EURUSD tumbled after the European Central Bank cut interest rates and its new president Mario Draghi warned Europe was heading into a mild recession before the end of the year. Euro then rebounded after news that Greece cancelled the referendum it was planning to hold on the bailout package. Investors were relieved to see one of the major uncertainties eliminated. EURUSD which had fallen to a US session low of 1.3853 bounced back up to 1.3853.
GBPUSD mirrored EURUSD movements and also see sawed to an early session high of 1.6039 then to a low of 1.5947 after the ECB rate cut then bounced back up to 1.6060 after the referendum cancellation.
The Canadian dollar gained against its US counterpart tracking gains in commodity prices particularly crude oil, which is Canada’s major export.
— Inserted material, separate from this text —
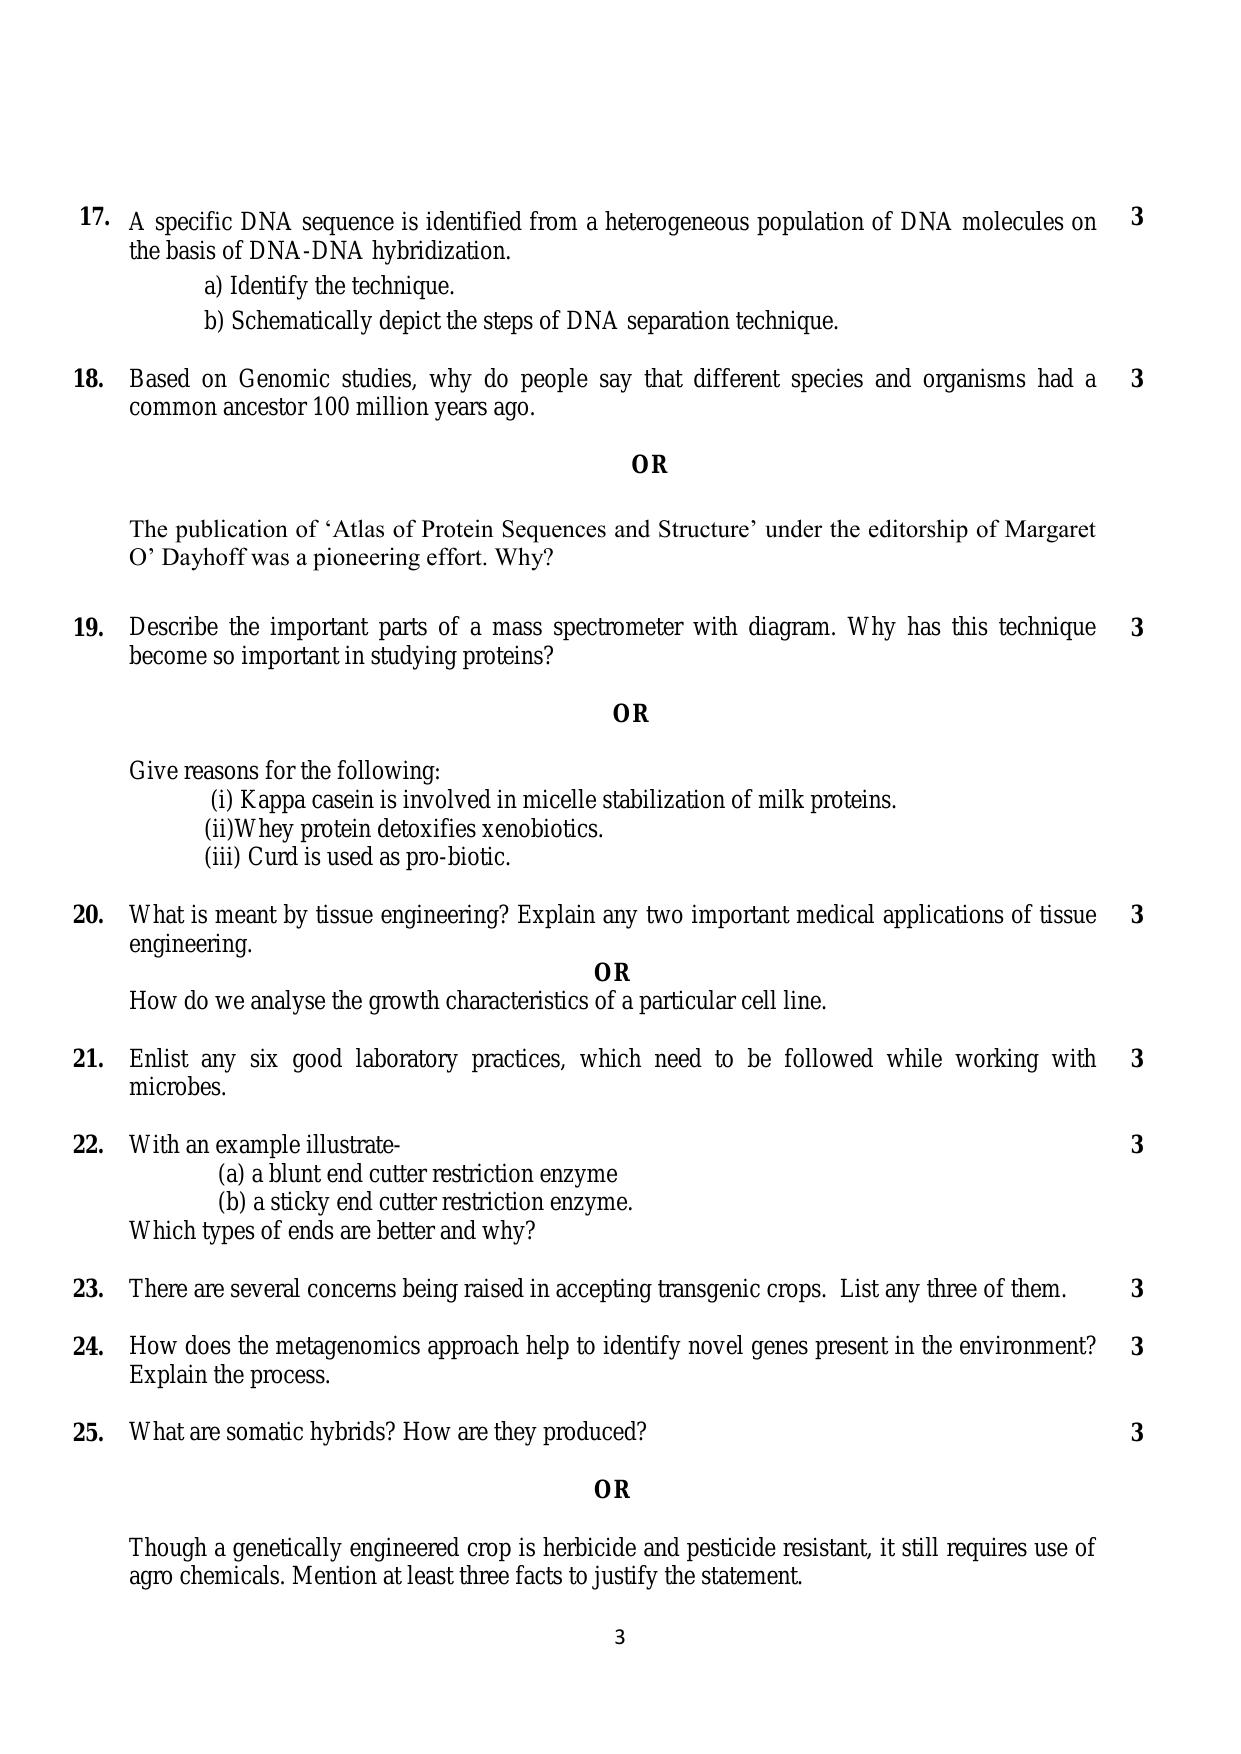 CBSE Class 12 Biotechnology-Sample Paper 2018-19 - Page 3

After briefly weakening following the ECB rate cut, the loonie recovered very quickly to extend gains after risk appetite was firmed up when investors reacted positively to news that Greece has shelved referendum plans. Overall rising Canadian stocks markets boosted by advances in resource stocks helped market sentiment and lifted the Canadian dollar. USDCAD closed down at 1.0080.
The yen weakened against most major counterparts including the euro, dollar, pound and Australian dollar as risk appetite lessened desire for the safe haven Japanese currency. Euro gained 1.4 percent in US session. EURJPY opened in New York at 106.56 and advanced to a high of 108.05 after news of the Greek referendum cancellation. This means Greece will receive its next aid tranche from the IMF/EU before it runs out of money in December. The dollar slightly advanced against yen as risk appetite improved, with USDJPY moving up to 78.09 from the 78.00 open price.